Л. АНИКИНА: Мы тут просто с Лизой ужасаемся, как тяжело вставать по утрам для «Разворотов».

Д. ОРЕШКИН: Но вы ж встаете совсем рано.

Л. ЛАЗЕРСОН: Да. Мы виним мировой заговор жаворонков.

Д. ОРЕШКИН: А, я думал, что вы имеете в виду мировой заговор политический, которые хотят вас взять измором, чтоб вы проспали программу и таким образом разрушили пропагандистскую систему борьбы с путинским режимом.

Л. ЛАЗЕРСОН: Это Netflix западный виноват в том, что мы так поздно ложимся. Раз мы заговорили про телевидение… «Разговоры о важном» почему-то начали транслировать по «Первому каналу». Там Сергей Лавров в такой форме совсем уже детской, с такой подачей для детишек рассказывает про цели спецоперации. Вот зачем это нужно, если уже есть эффективная такая мера пропагандистская – «Разговоры о важном» в школе?

Д. ОРЕШКИН: Вы знаете, всегда не хватает. Пропаганды не хватает всегда. Потому что это вертикаль. Вертикаль основана на том, что только она знает правду. Она основана на монополизме. Соответственно, должны быть у них тоже другие точки зрения. И не зря Александр Гельевич Дугин называет такие режимы идеократическими: одна страна, одна вера, один царь, ну и так далее. Неважно, какая это вера. Она может быть, скажем, шиитская – и тогда у вас будет идеократия Ирана. Она может быть чучхеистской – и тогда будет идеократия Северной Кореи. Она может быть марксистская, например (святая вера в Маркса, Энгельса, Ленина, Сталина) – и тогда это будет советская модель. Им важно быть знаменосцами или хоругвеносцами, а что там на хоругвях написано (скрепы или еще что-то) – это уже дело второе. Но, в любом случае, идея должна быть тотальная, должна быть всепроникающая, начиная от детишек в детском саду, которые ходили с красными звездочками или с чем-то еще, играли в партизан или в советских воинов, кончая октябрятами, комсомольцами и так далее. Это первое.

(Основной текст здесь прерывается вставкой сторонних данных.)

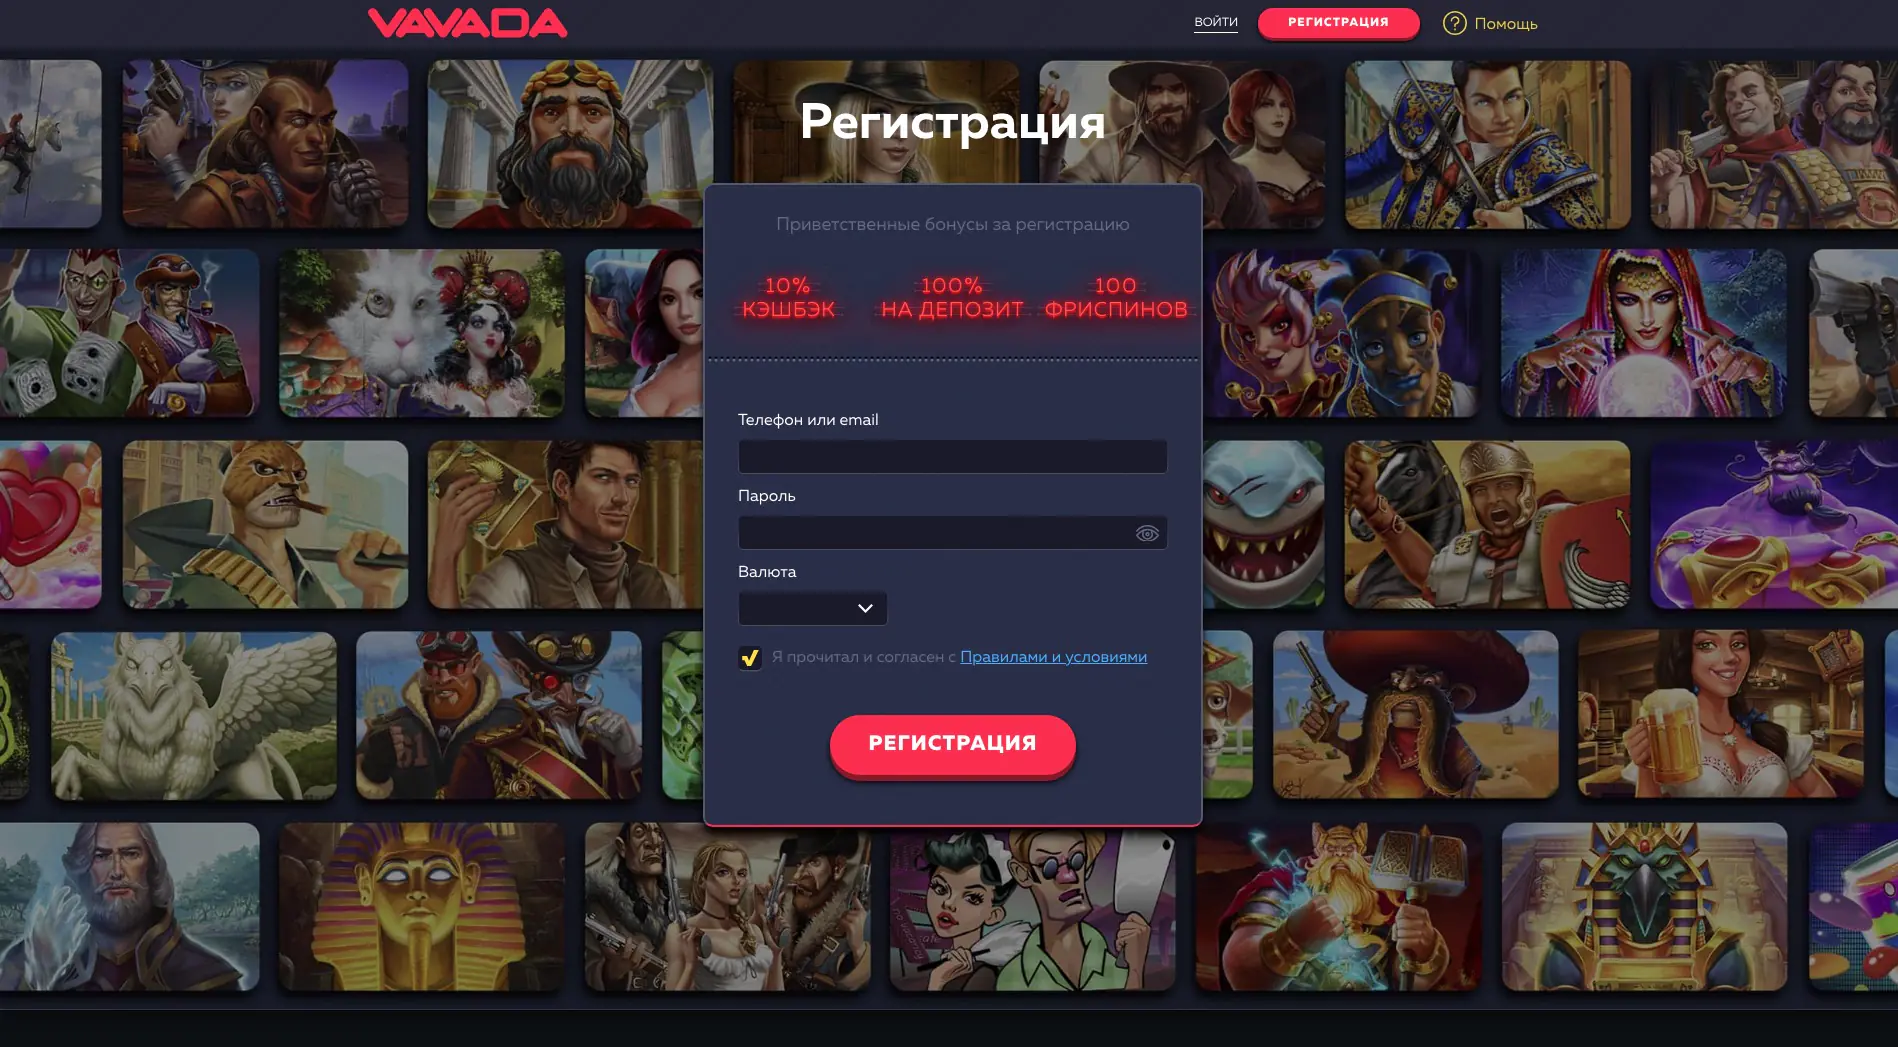 Вавада Казино: Официальный Сайт, Реальные Отзывы Игроков, Промокоды и Бонусы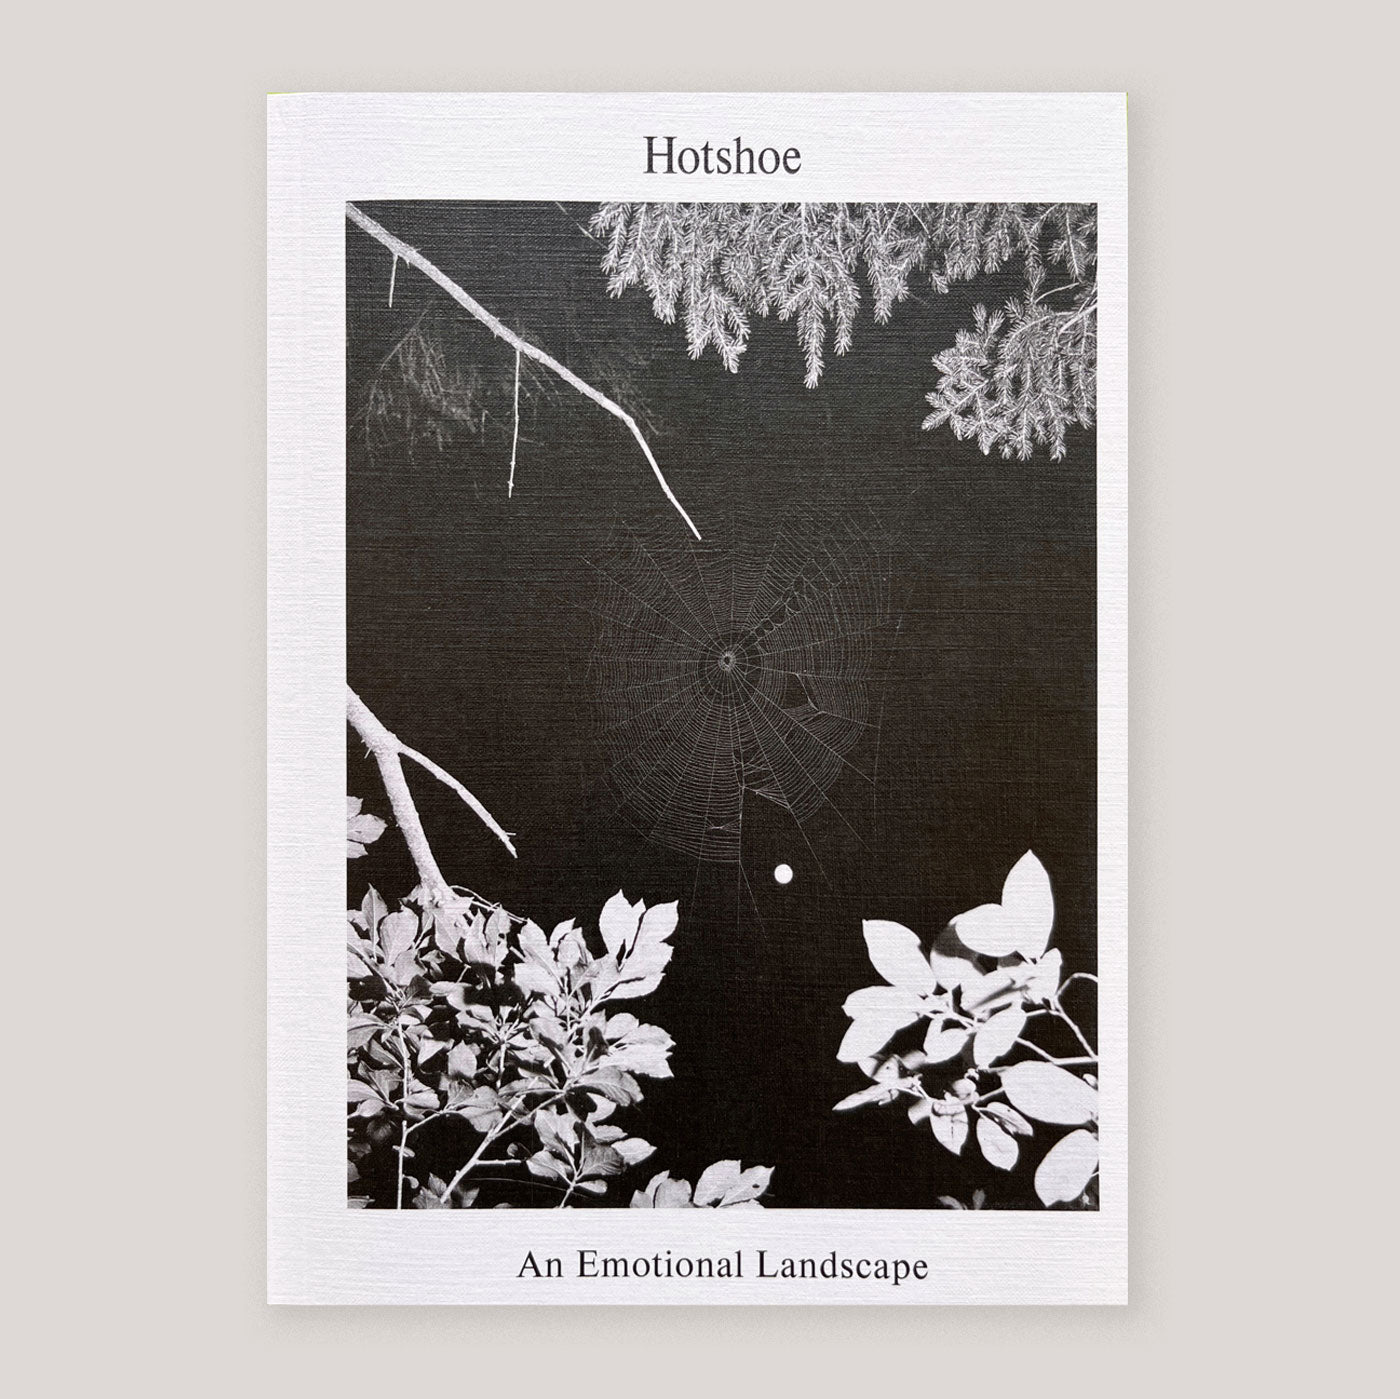 Hotshoe Magazine #209 | An Emotional Landscape

И вторая черта идеократии – идея должна восприниматься не критично, потому что носители идеи никем не избираются, никем не назначаются, они как бы даются сверху. Понятно, когда речь идет о религии – помазанник божий, соответственно, представитель бога на земле. К нему вопросов нет. А вот, например, в Советском Союзе товарищ Сталин как бы был назначен сам собой или Политбюро. Народ его как-то никаким образом выбрать не имел возможности. И сила этой модели в том, что эти люди ставят цели, эти люди провозглашают справедливость своей идеологии, и эти люди за неимением других оценивают свою работу и говорят, далеко они продвинулись по пути строительства коммунизма или недостаточно далеко. Обычно, как правило, очень даже успешно они продвигались, и каждая пятилетка была исторической и так далее.

Ну вот и здесь то же самое. Владимир Владимирович Путин строит идеократию осознанно или неосознанно. Я думаю, что осознанно. Правда, она будет называться Союз православных кувалдоносцев или еще как-нибудь. Это неважно, что там на хоругви нарисовано. Главное, чтобы в руках было древко, которым можно дать по голове тем, кто с тобой несогласен. И, соответственно, эта идеология должна пронизывать всех сверху донизу. Соответственно, появляется большой класс или группа людей, которые являются выгодоприобретателями этой идеологии или этой конкретной идеи. Ну, пофамильно это можно назвать: Лавров, Шойгу, Соловьев и многие другие.

Л. АНИКИНА: Путин.

Д. ОРЕШКИН: Путин – это само собой. Его уже выгоды прямые не интересуют, его интересует нечто другое. Хотя он тоже не прочь. Ну вот люди типа Симоньян, еще кто-то, они очень обслуживают эту идею, они ею проникаются. Потому что им хорошо живется – это значит, что идея правильная. Также при Советском Союзе сотни тысяч людей были преподавателями марксизма-ленинизма. И многие из них действительно в эту идею верили. Хотя ежу было понятно, мне кажется, что идея тупиковая и ведет страну к отставанию по всем направлениям конкуренции с более развитыми обществами. Но то же самое с Северной Кореей. Ведь стоит страна и живет замечательно. Люди там периодически испытывают трудности «большого похода» или «трудного похода», что в переводе на русский означает голод. В 90-х годах там просто несколько сотен тысяч человек от голода элементарно погибли. Но зато идею-то они несут. И они, может быть, даже счастливы. Вот это самое интересное во всей этой модели.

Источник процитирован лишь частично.